This invention relates to a fluidized bed reactor and method for operating same and, more particularly, to a fluidized bed reactor utilizing an improved system for removing particulate material from the reactor bed.
Reactors, such as combustors, steam generators and the like, utilizing fluidized beds as the primary source of heat generation are well known. In these arrangements, air is passed through a bed of particulate material, including a fossil fuel, such as coal, and an adsorbent for the sulfur generated as a result of combustion of the coal, to fluidize the bed and to promote the combustion of the fuel at relatively low temperatures. When the reactor is utilized as a steam generator, the heat produced by the fluidized bed is utilized to convert water to steam which results in an attractive combination of high heat release, high sulfur adsorption, low nitrogen oxides emissions and fuel flexibility.
The most typical fluidized bed combustion system is commonly referred to as a "bubbling" fluidized bed in which a bed of particulate material is supported by an air distribution plate, to which combustion-supporting air is introduced through a plurality of perforations in the plate, causing the material to expand and take on a suspended, or fluidized, state. The gas velocity is typically two to three times that needed to develop a pressure drop which will support the bed weight (e.g., minimum fluidization velocity), causing the formation of bubbles that rise up through the bed and give the appearance of a boiling liquid.
In an effort to extend the improvements in combustion efficiency, pollutant emissions control, and operation turn-down afforded by the bubbling bed, a fluidized bed reactor has been developed utilizing a "circulating" fluidized bed. In these arrangements the mean gas velocity is increased above that for the bubbling bed, so that the bed surface becomes more diffused and the solids entrainment from the bed is increased. According to this process, fluidized bed densities are attained which are well below those typical of the bubbling fluidized bed. The formation of the low density circulating fluidized bed is due to its small particle size and to a high solids throughput, which require high solids recycle. The velocity range of a circulating fluidized bed is between the solids terminal, or free fall, velocity and a velocity beyond which the bed would be converted into a pneumatic transport line.
U.S. Pat. Nos. 4,809,623 and 4,809,625, assigned to the same assignee as the present application, disclose a fluidized bed reactor in which a dense, or bubbling, bed is maintained in the lower portion of the furnace, while the bed otherwise is operated as a circulating bed. The design is such that advantages of both a bubbling bed and a circulating bed are obtained, not the least significant advantage being the ability to utilize particulate fuel material extending over a greater range of particle sizes.
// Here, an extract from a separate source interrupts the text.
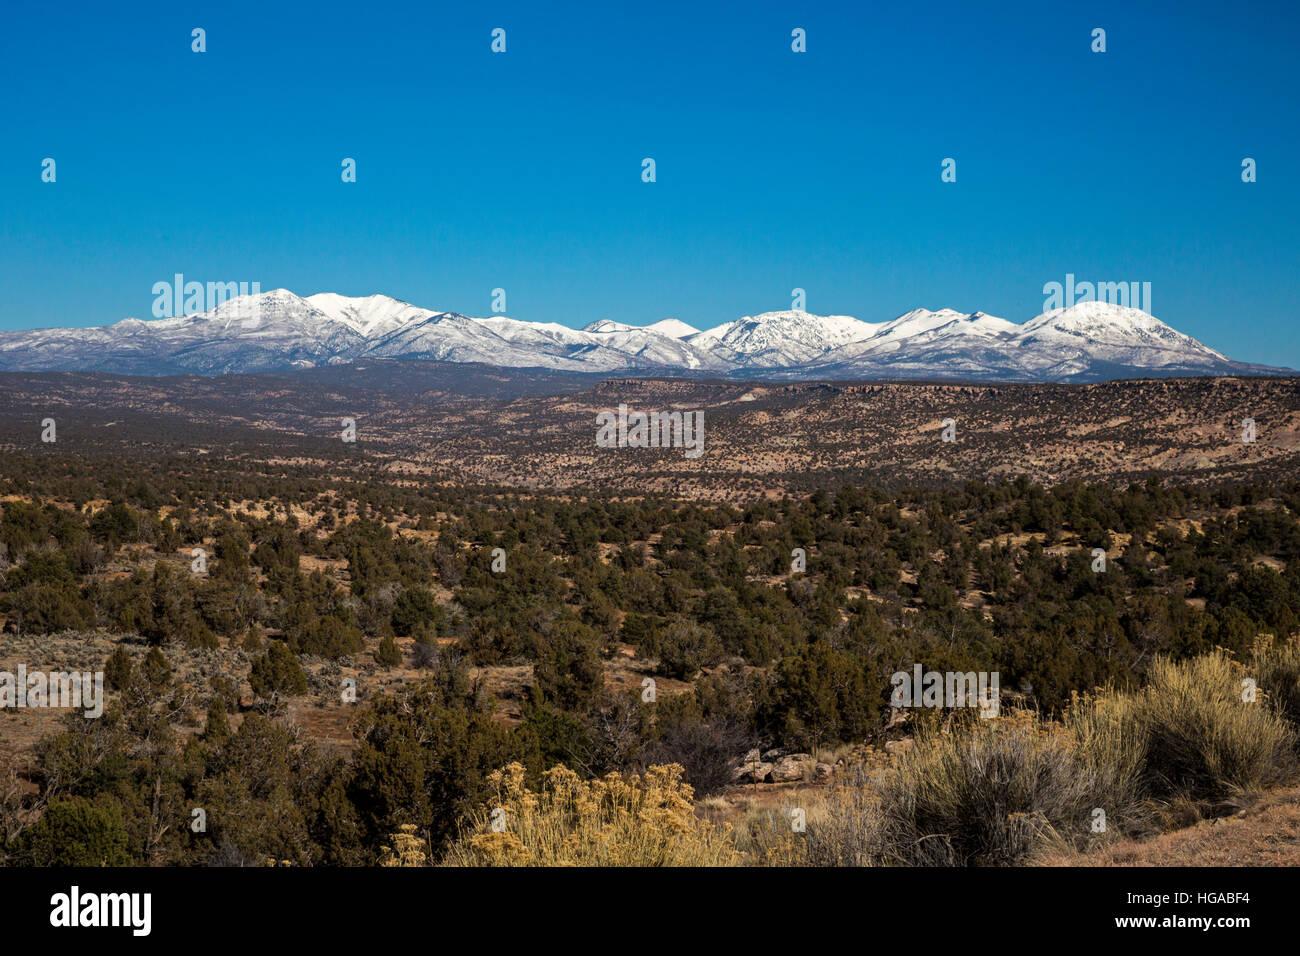 Blanding, Utah - tiene oídos Monumento Nacional ant la montaña abajo. Imagen De Stock
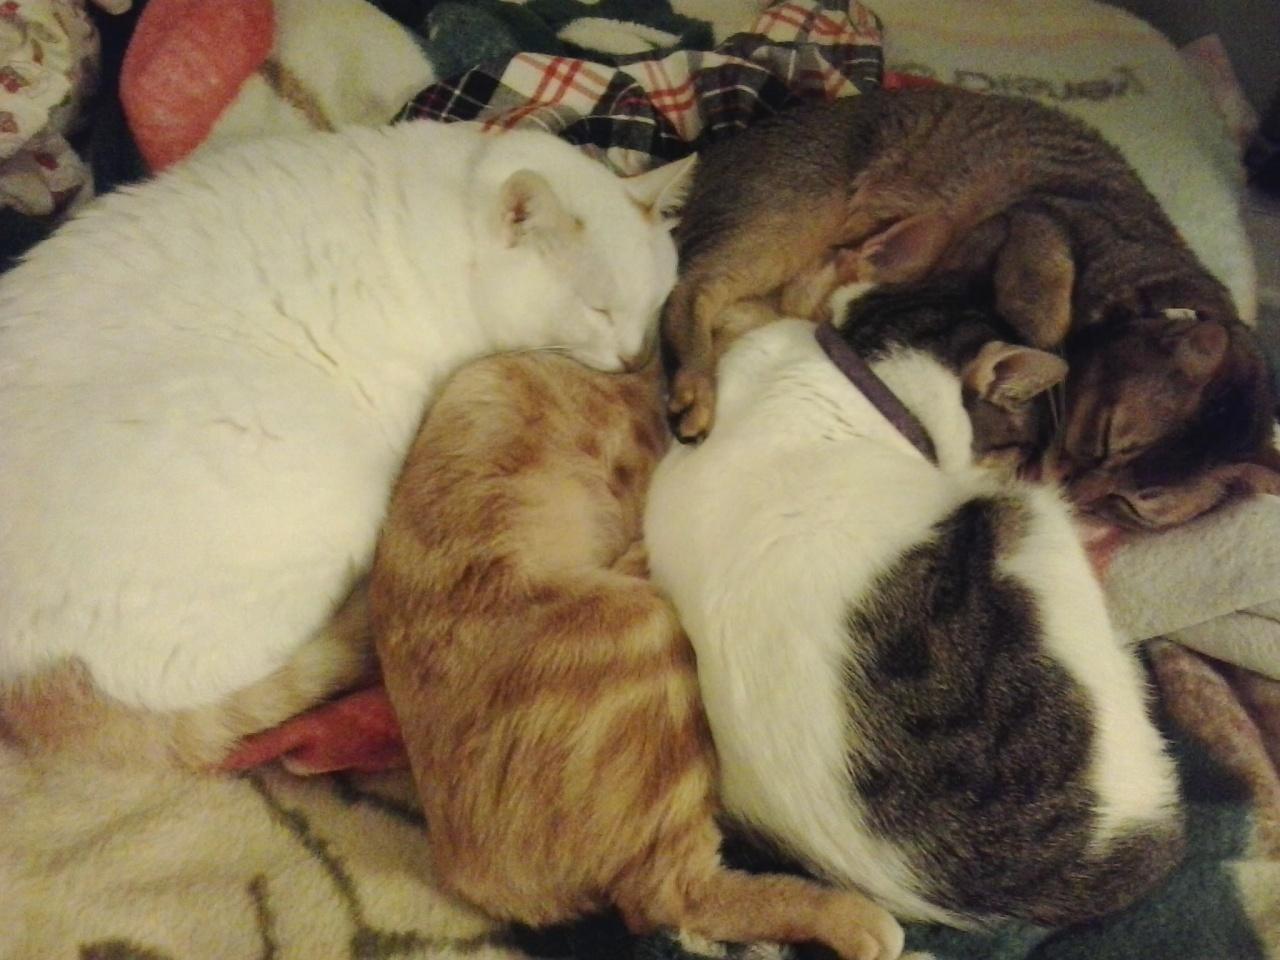 張婉雯領養的貓(左起)罅罅、盼盼、必必、BB車,作為貓主,她也反問社區動物的出路是否只有被領養?(圖:由受訪者提供)

In these designs a homogenous mixture of fuel particles and adsorbent particles (hereinafter collectively referred to as "particulate material") is formed, with a portion of the fuel particles being unburned, a portion being partially burned and a portion being completely burned and a portion of the adsorbent being unreacted, a portion being partially reacted and a portion being completely reacted. The particulate material must be discharged from the system quickly and efficiently to accommodate the continuous introduction of fresh fuel and adsorbent. To this end, a portion of the particulate material is usually passed from the lower portion of the bed to one or more stripper/coolers located adjacent the furnace section of the reactor. Air is blown through the stripper section of the stripper/cooler to entrain some of the relatively fine particulate material which is returned to the furnace. The remaining particulate material in the stripper/cooler is passed to its cooler section and water/steam is passed in a heat exchange relation to the latter material to remove heat from the material before it is discharged from the system.
However, in some situations, such as when fuels that generate a lot of relatively fine ash are used, or when a relatively large amount of relatively fine adsorbent has to be used with fuels having a relatively high sulfur content, the relatively fine particle material stripped in the stripper/cooler and returned to the furnace section increases the volume of the fines, or the "loading" in the upper furnace section of the reactor, to unacceptable levels. This requires large and expensive stripper/coolers and/or requires that the furnace be operated at low stoichiometry, which is inefficient. Also, these stripper/coolers cannot handle very large amounts of relative coarse material. Thus, these prior art stripper/coolers limit the range of particle sizes that can be used to maintain adequate efficiency.